**** Collected material
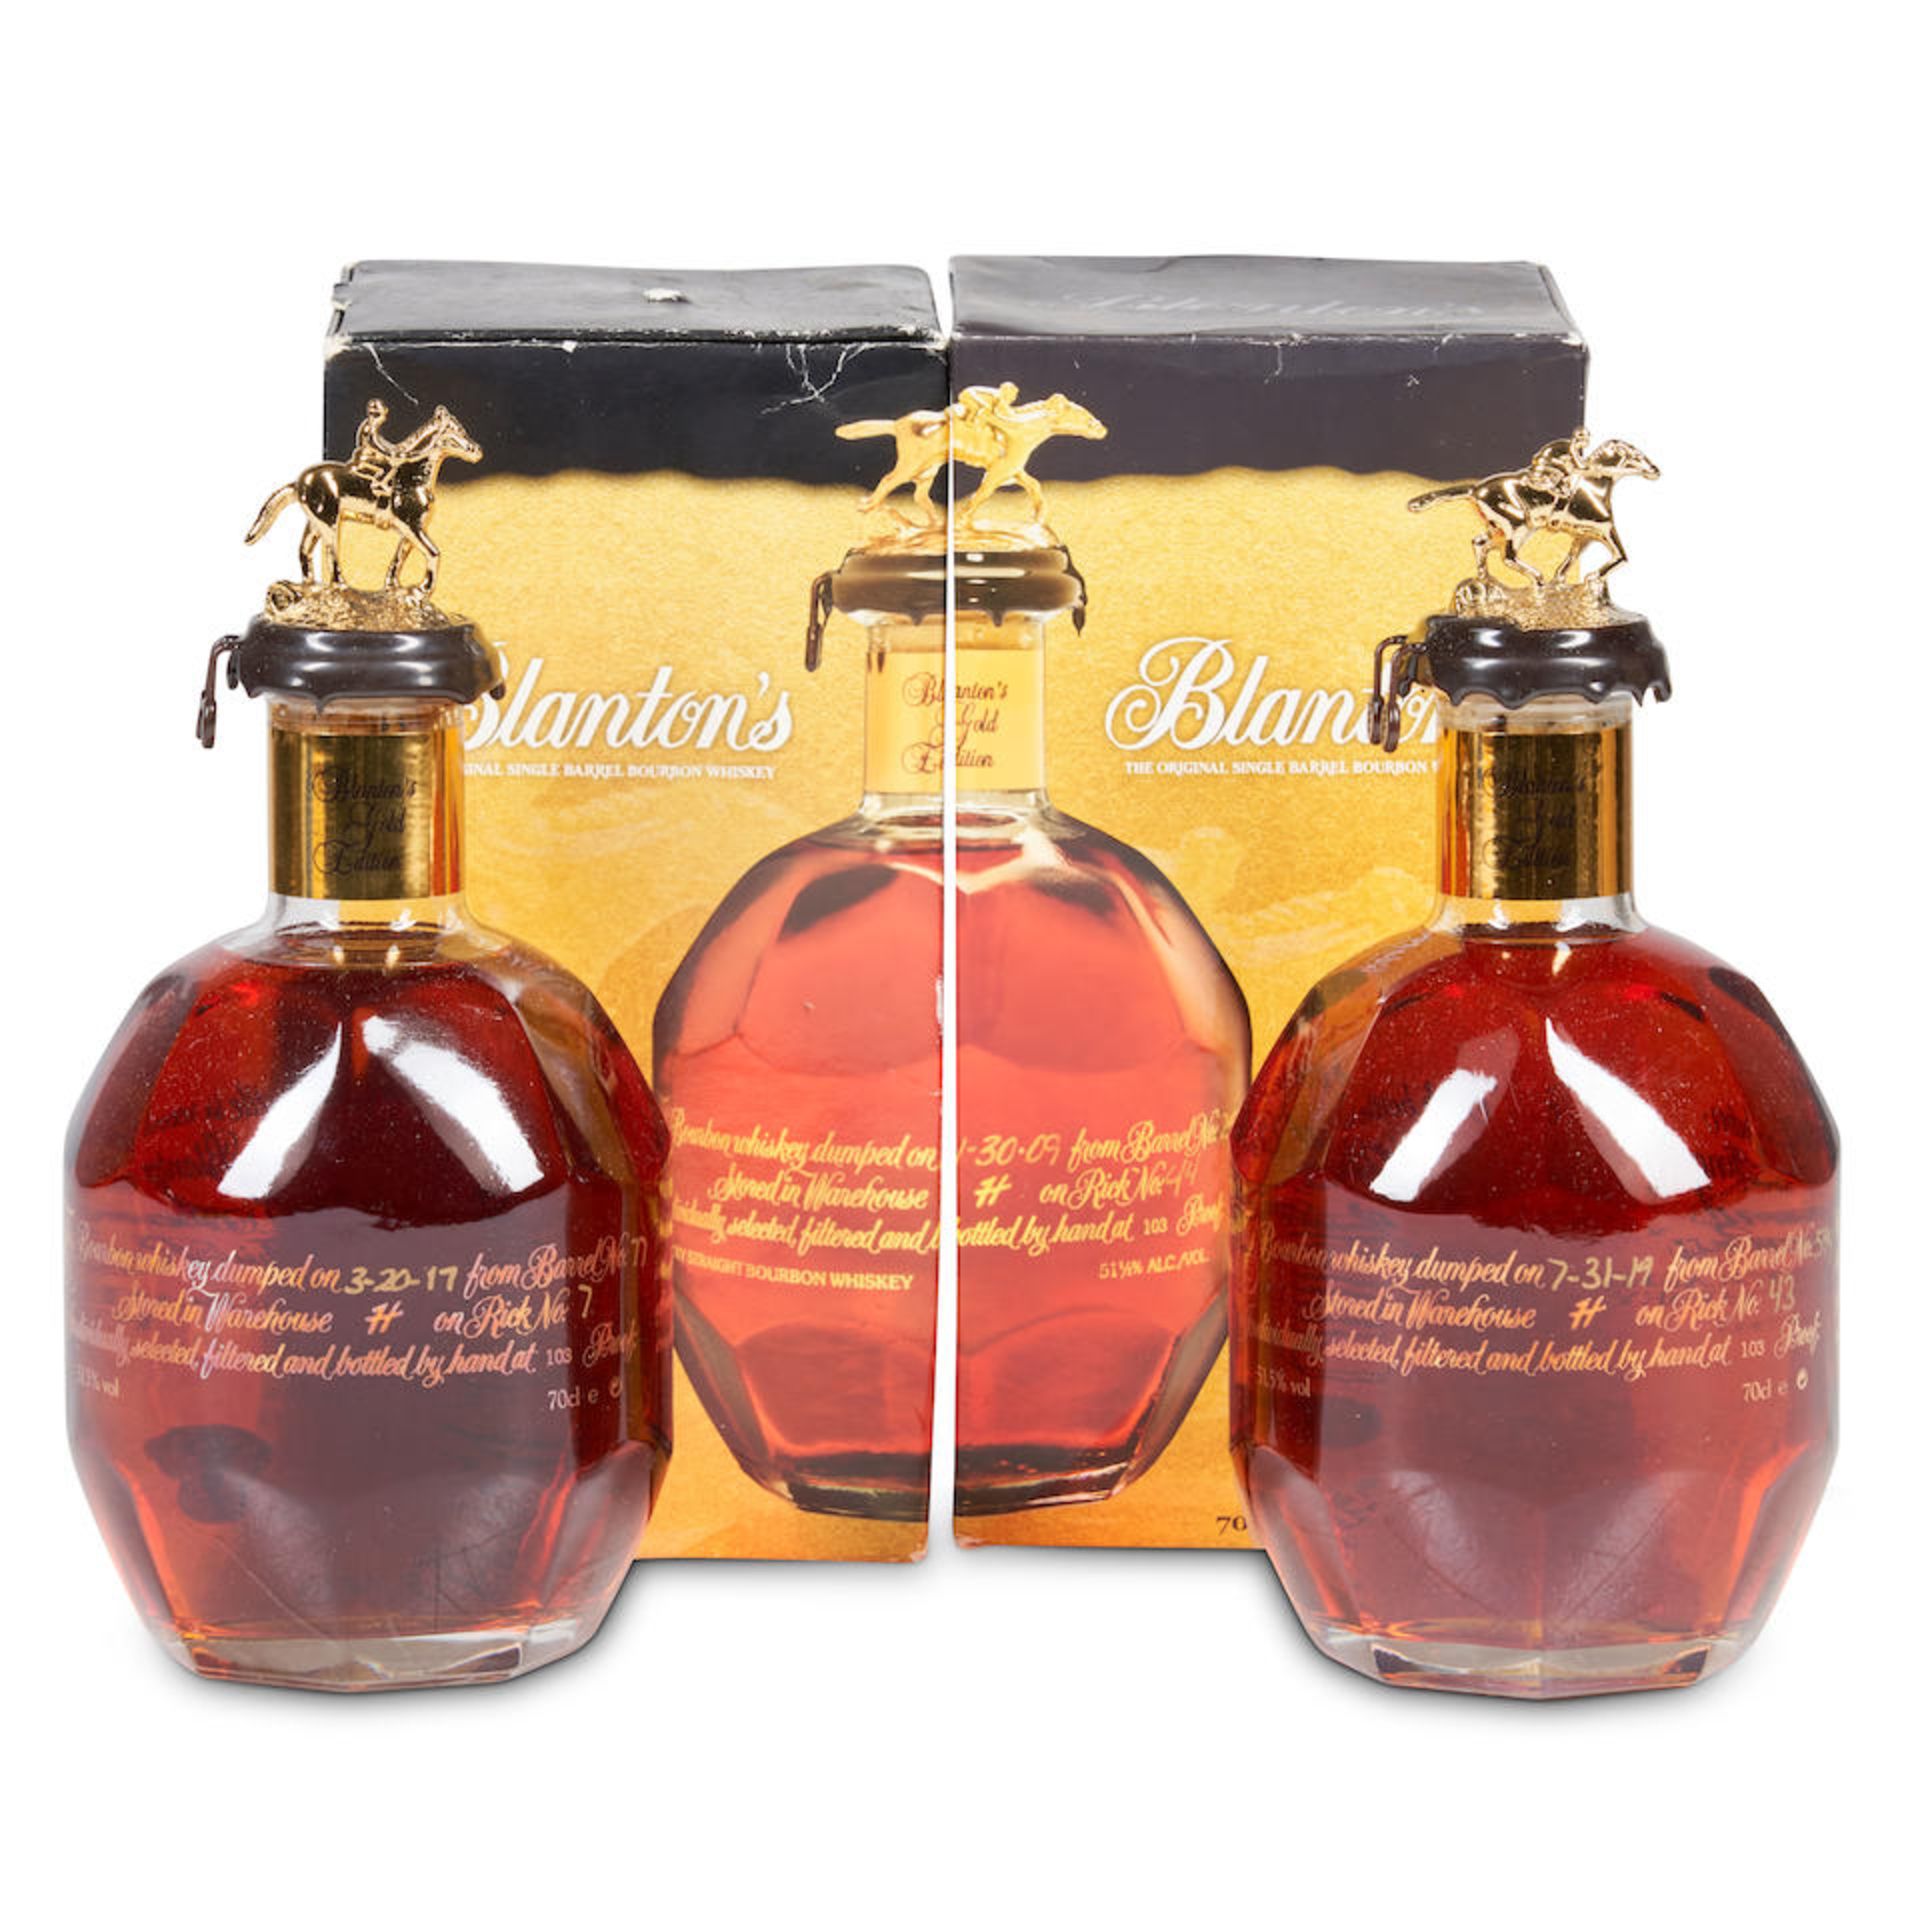 Blanton's Gold Edition (2 750ml bottles)
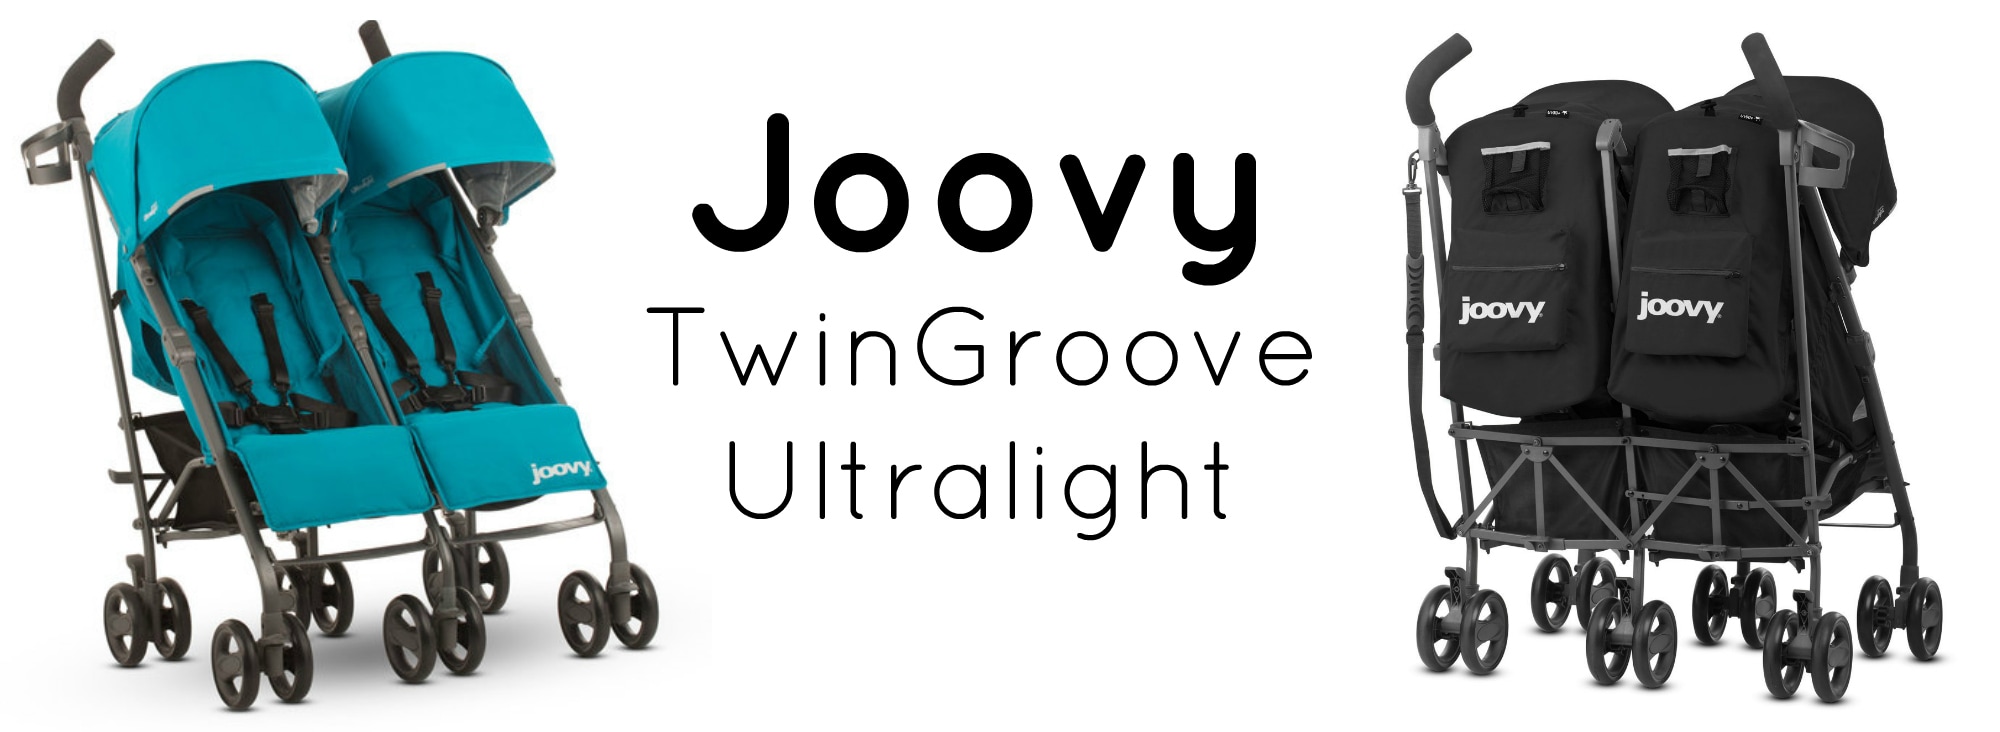 joovy groove twin
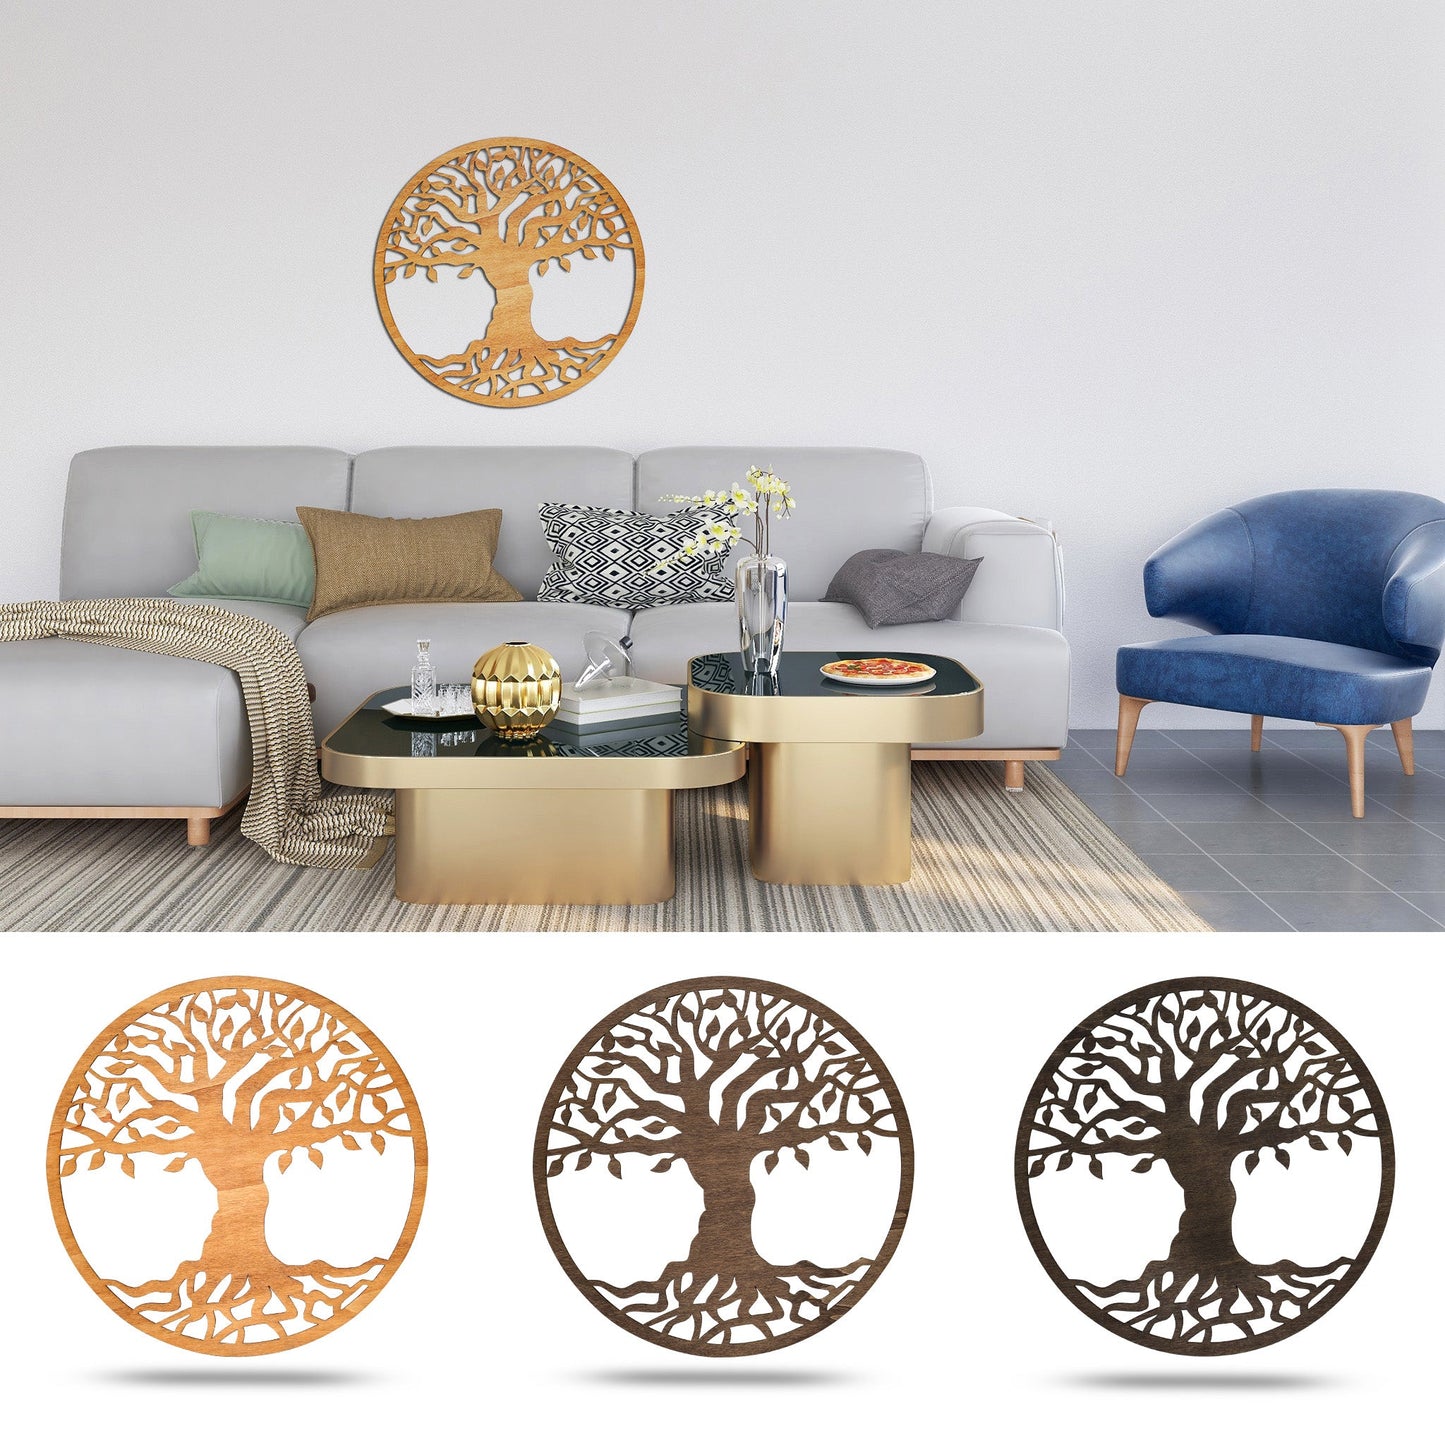 Wandbild Holz "Baum des Lebens" V2 - Nanino Design Onlineshop -
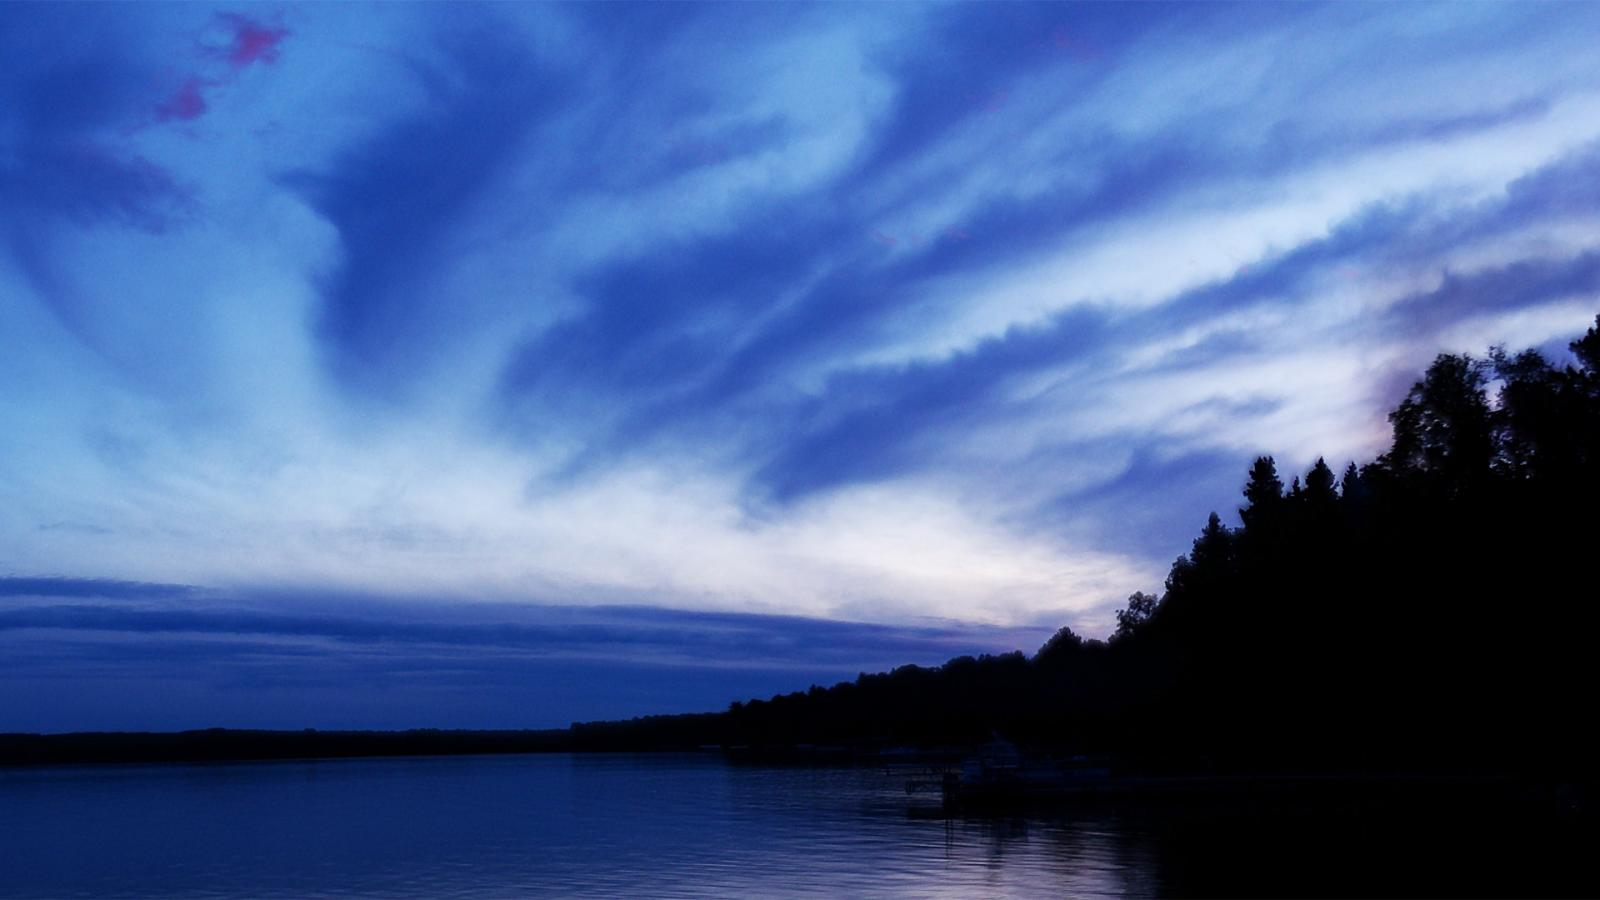 dual screen wallpaper 1920x1080,sky,blue,nature,water,cloud
********
What this task involves. Nothing but an exact copy of the data, without its images, should make up your answer.

Expected output.
 Blanton's Gold Edition (2 750ml bottles)
 joovy groove twin
 Wandbild Holz "Baum des Lebens" V2 - Nanino Design Onlineshop -
 dual screen wallpaper 1920x1080,sky,blue,nature,water,cloud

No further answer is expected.